Work to complete: Word for word, repeat the data that follows. Do not include the pictures.

Information provided:
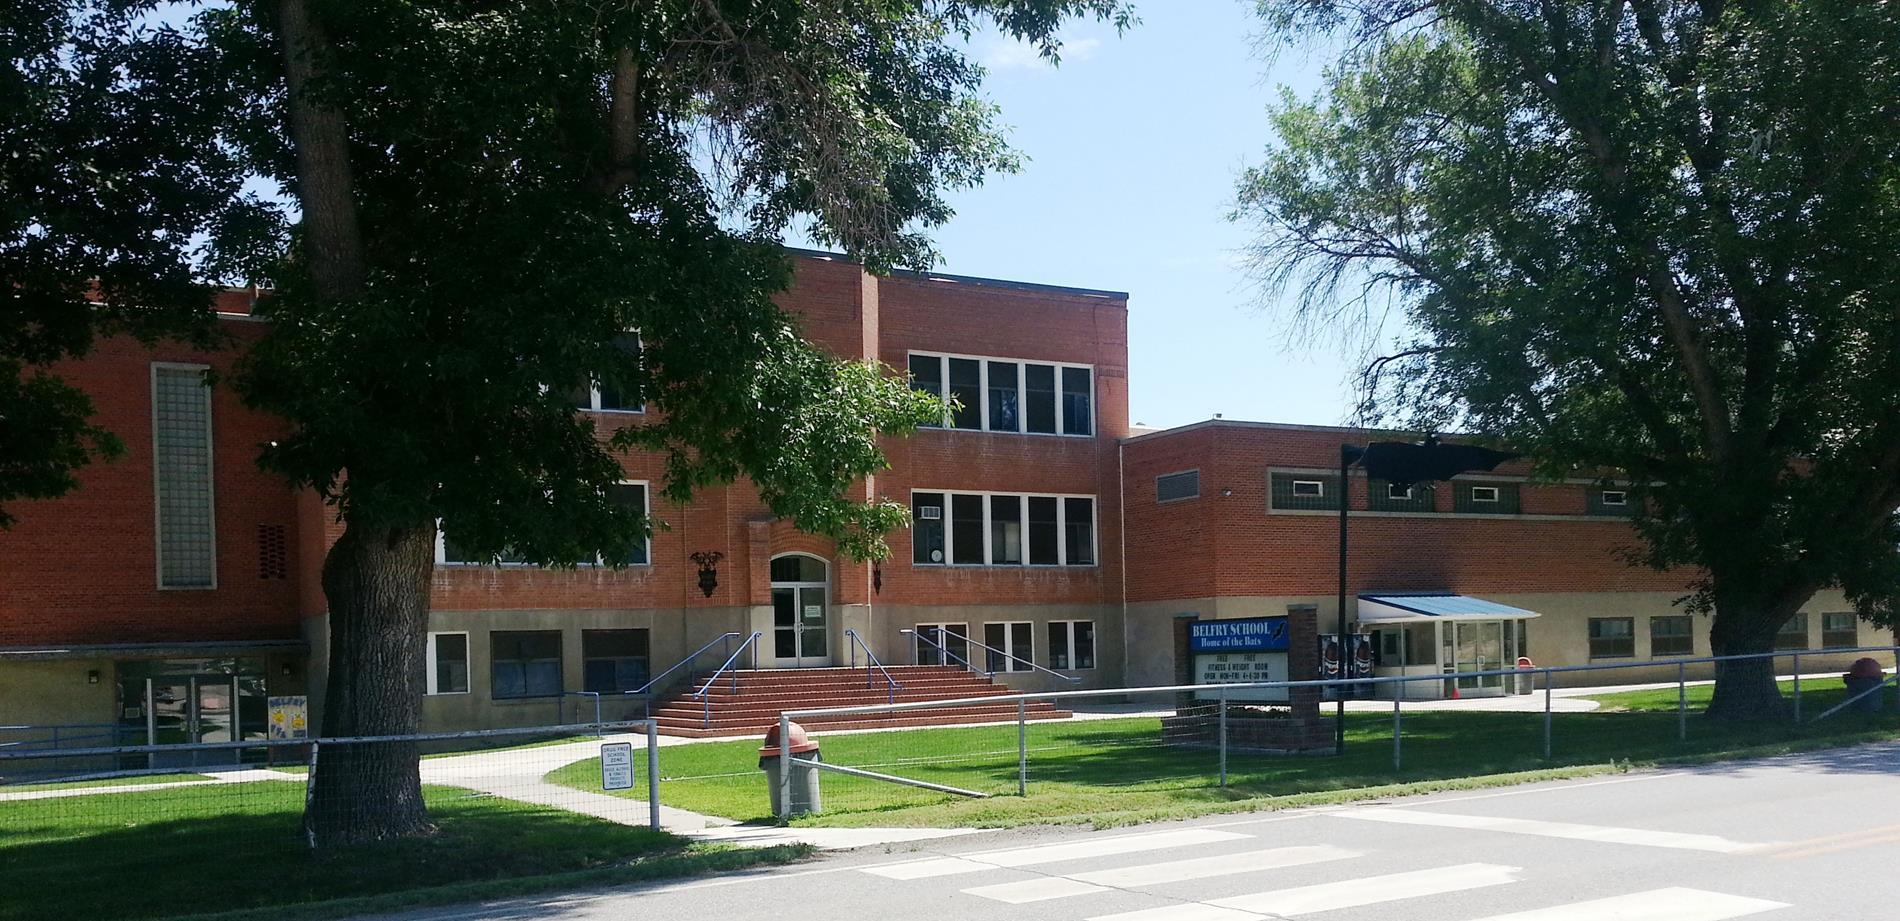 Belfry School
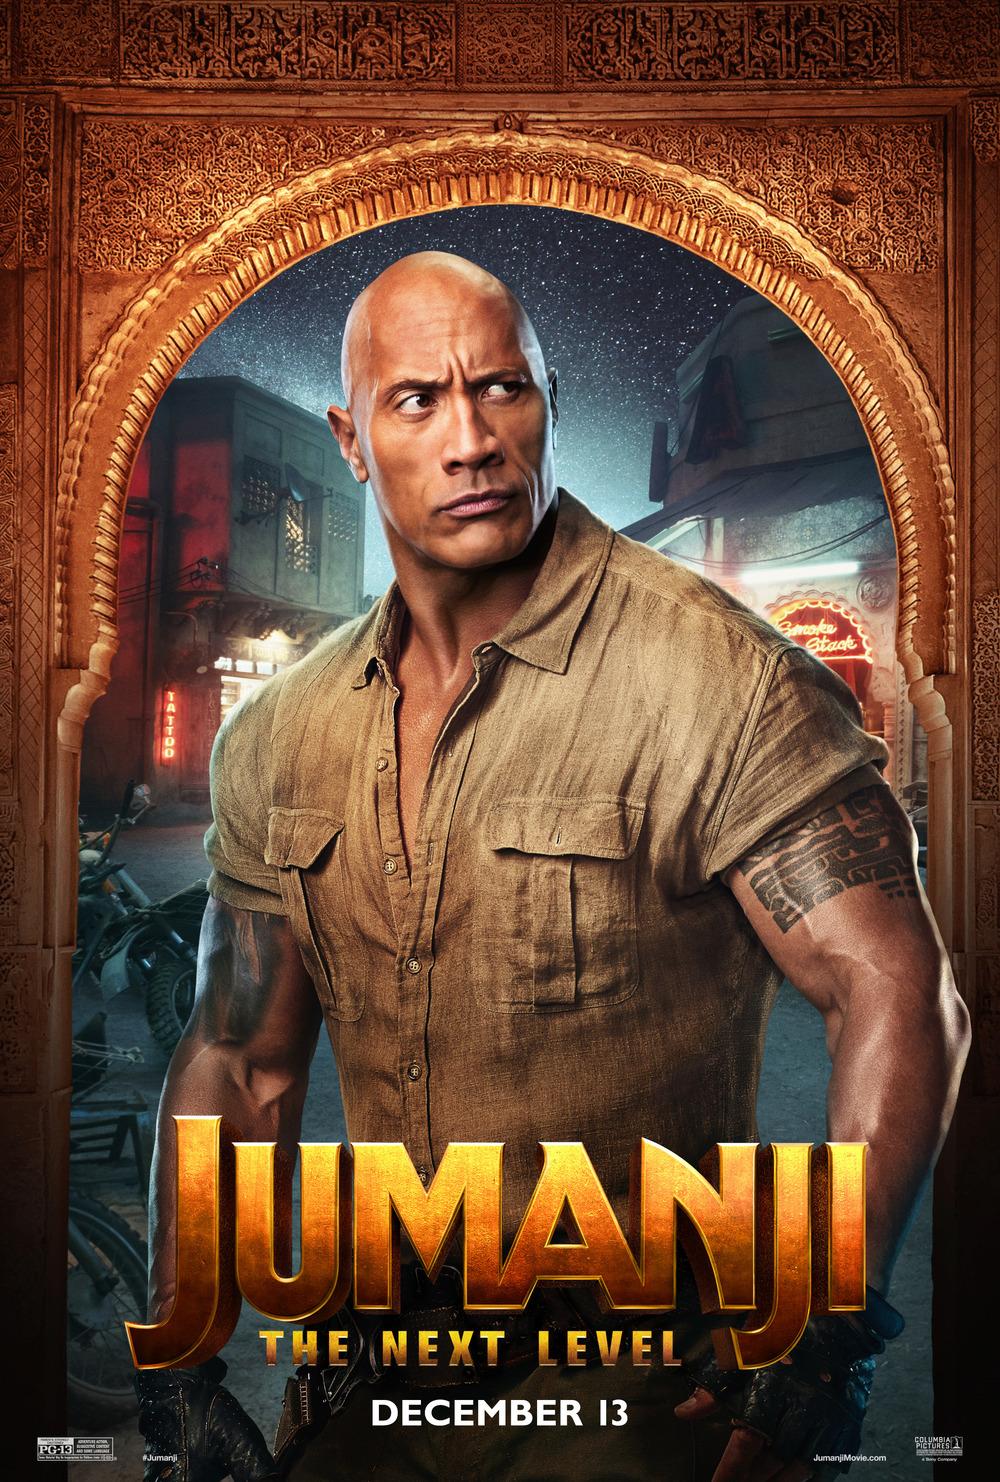 Jumanji The Next Level Dvd Release Date Redbox Netflix Itunes Amazon
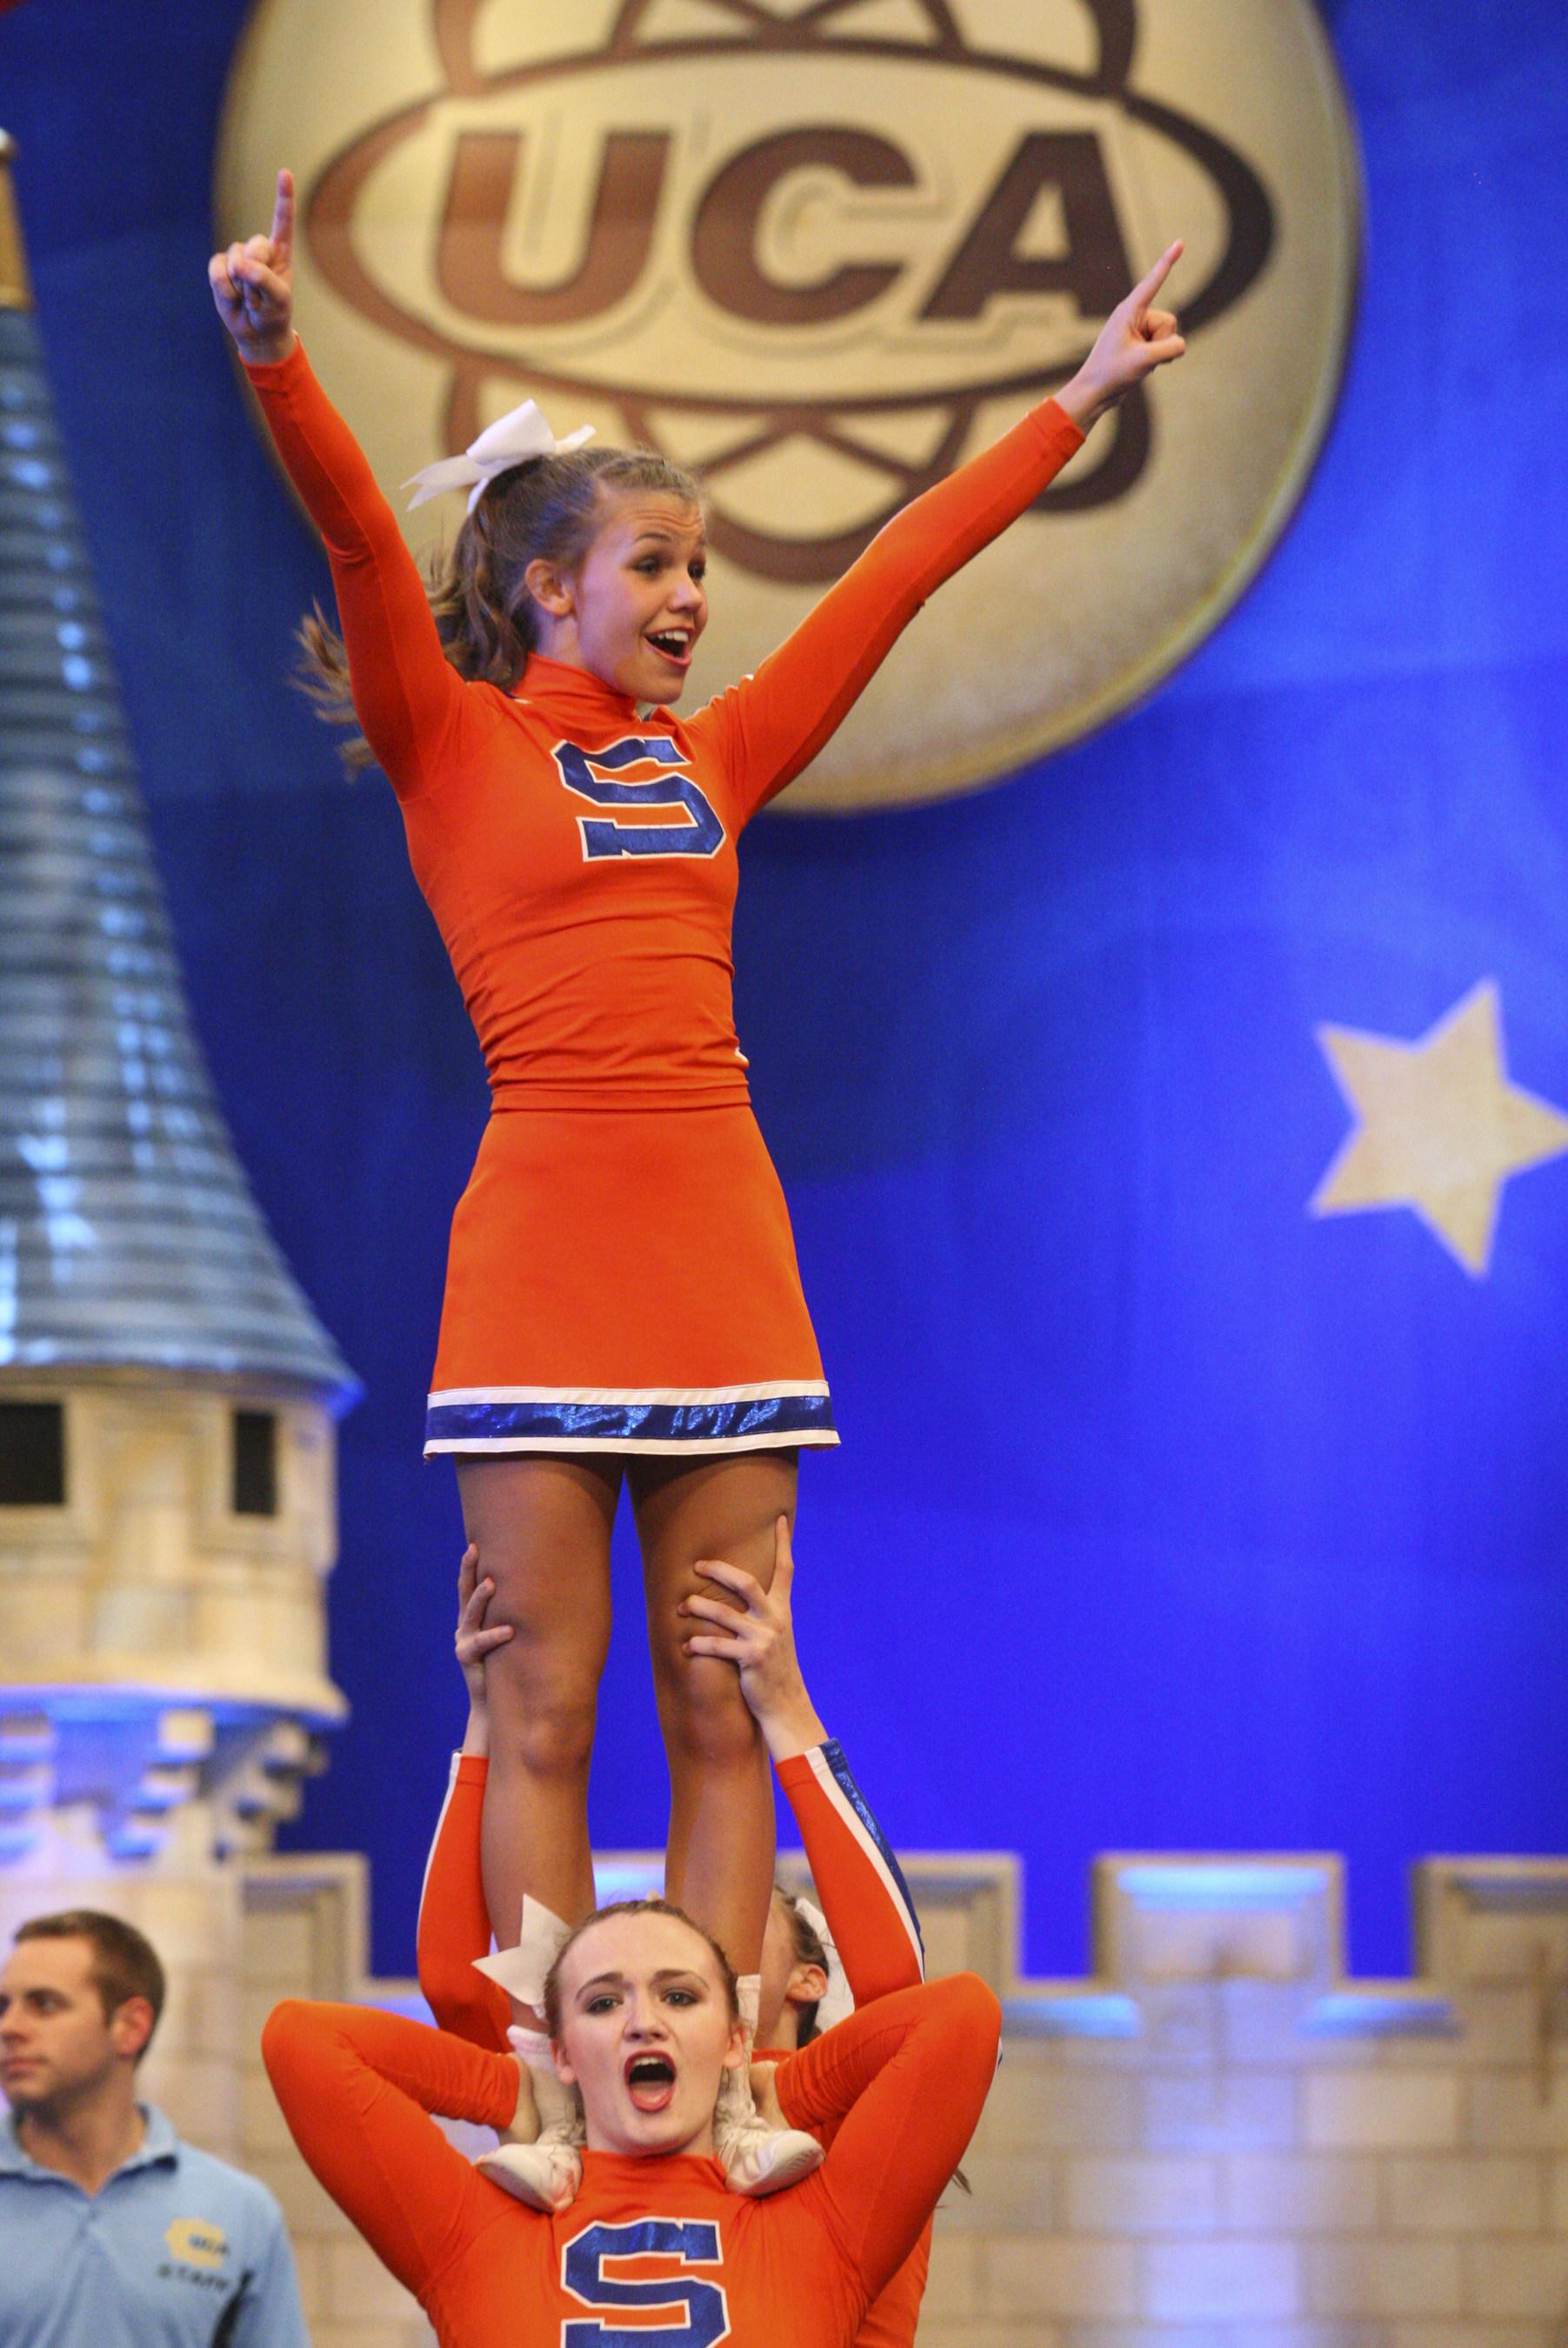 Varsity Spirit's 'American Cheerleader' Documentary Screening In U.S. Theaters Nov. 5 & 8

Answer to this problem:
 Belfry School
 Jumanji The Next Level Dvd Release Date Redbox Netflix Itunes Amazon
 Varsity Spirit's 'American Cheerleader' Documentary Screening In U.S. Theaters Nov. 5 & 8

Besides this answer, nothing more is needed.